Today, the Texas Public Policy Foundation published the paper Virtual Education in Texas.
“The state of Texas has created limitations on virtual education that have led to unexpected consequences, which were exacerbated during the COVID-19 pandemic,” said Emily Sass, policy director for Texas Public Policy Foundation’s Next Generation Texas Campaign. “Because of the Legislature’s prior reluctance to allow districts to develop virtual education resources, districts and the Texas Education Agency have had to create emergency solutions under daunting timelines.
“There is no one ideal education delivery system. Virtual education will not, and should not, replace the role of teachers in student’s lives; rather, it should extend it. Nor should this modality be imposed upon students regardless of student or family preferences. Especially, but not only, in a time when safety is a concern for teachers, students, and their families, districts should be able to offer education in modalities that meet different student needs.”

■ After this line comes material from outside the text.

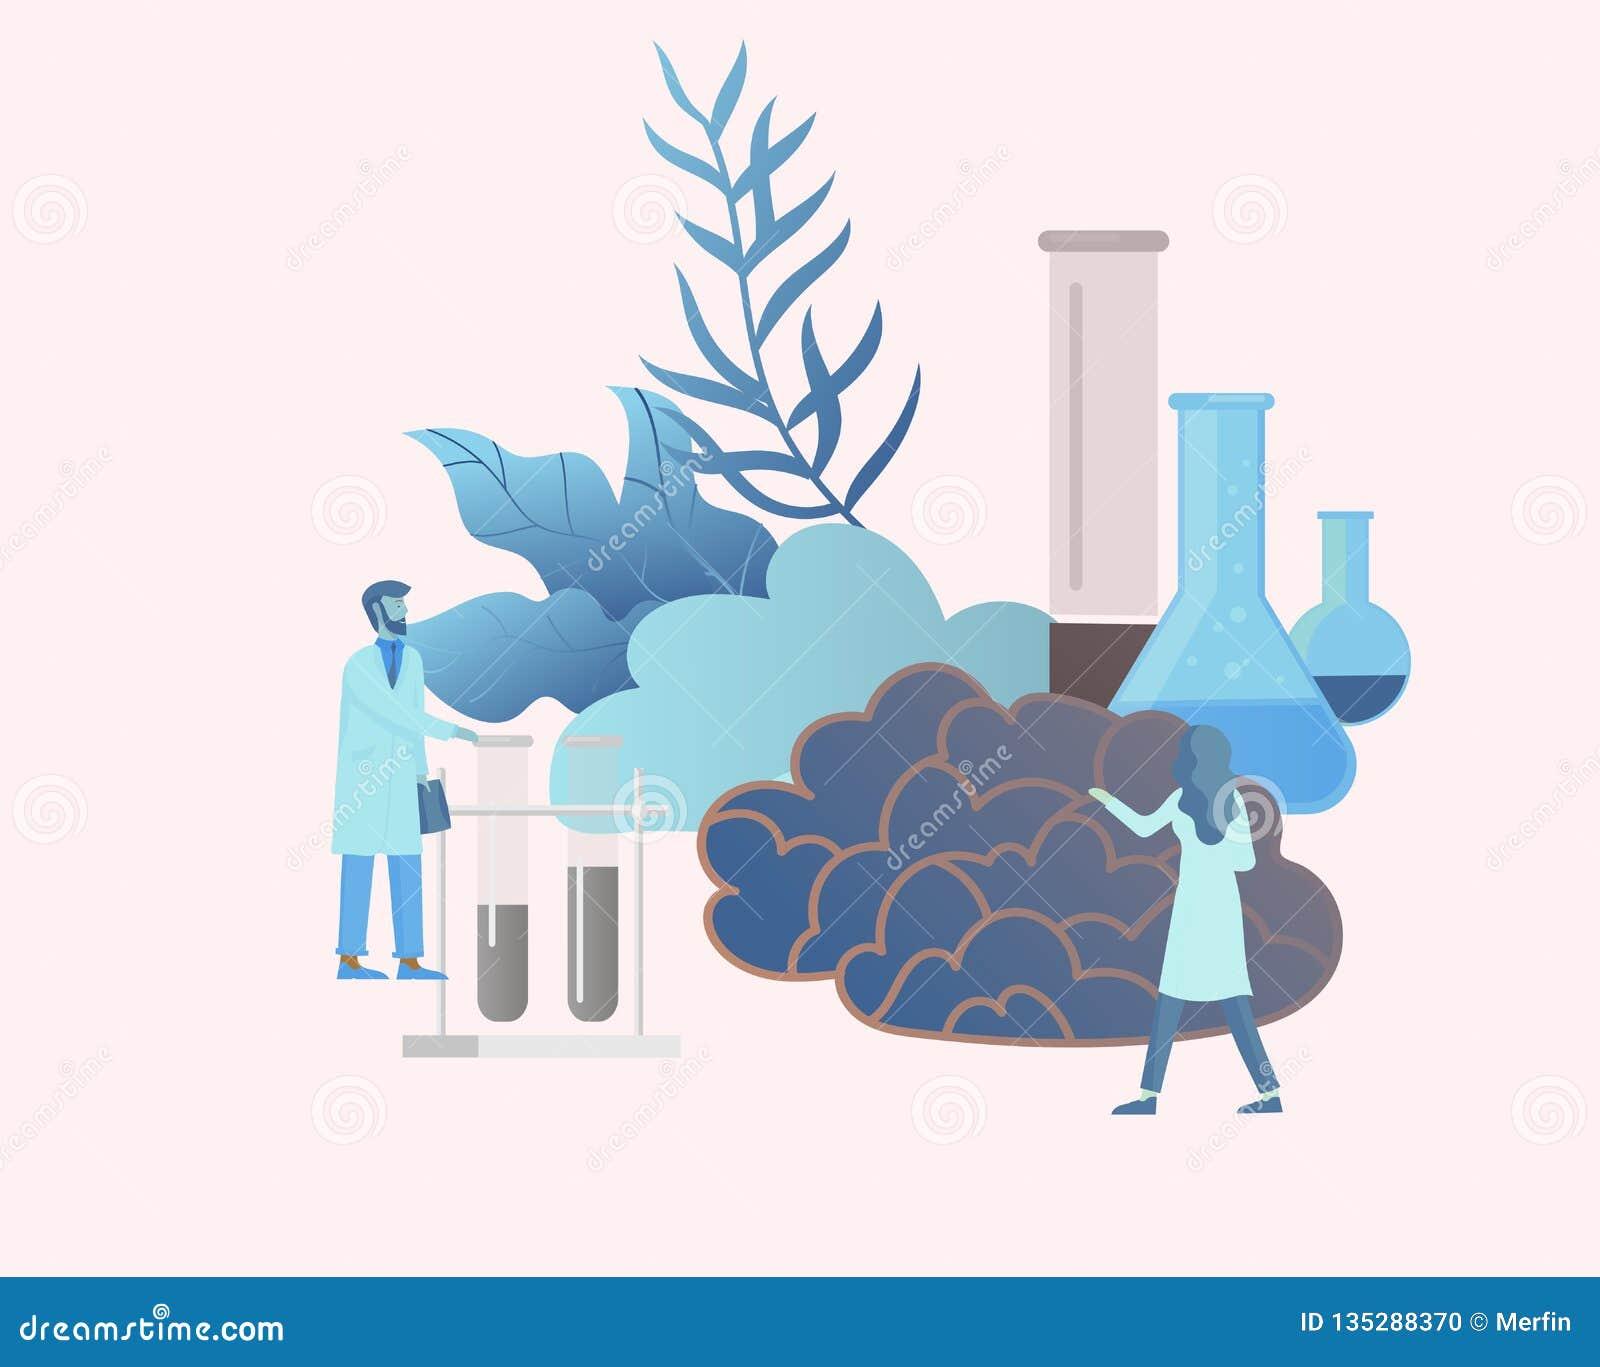 Έννοια γενετικής νευρολογίας Επίπεδη ιατρική ομάδα γιατρών ανθρώπων ύφους μικρή που εργάζεται, κατασκευάζοντας το DNA, έρευνα

- From 2013 until spring of 2020, only 8 districts out of Texas’ approximately 1,200 were allowed to operate a full-time virtual program of study should they choose to.
- Having a system in place to support a smooth transition to and from a virtual setting could improve a district’s instructional continuity – or the entire state’s – in times of disaster.
- The COVID-19 pandemic has increased parents’, districts’, and teachers’ interest in taking advantage of virtual education.
- Current regulations limit the availability and flexibility of virtual programs in Texas. Making changes in the areas would help expand both school district and student agency.
- The state of Florida has one of the most robust virtual education networks in the country. Beginning in the 1990s, it has gradually incorporated virtual elements into its educational system.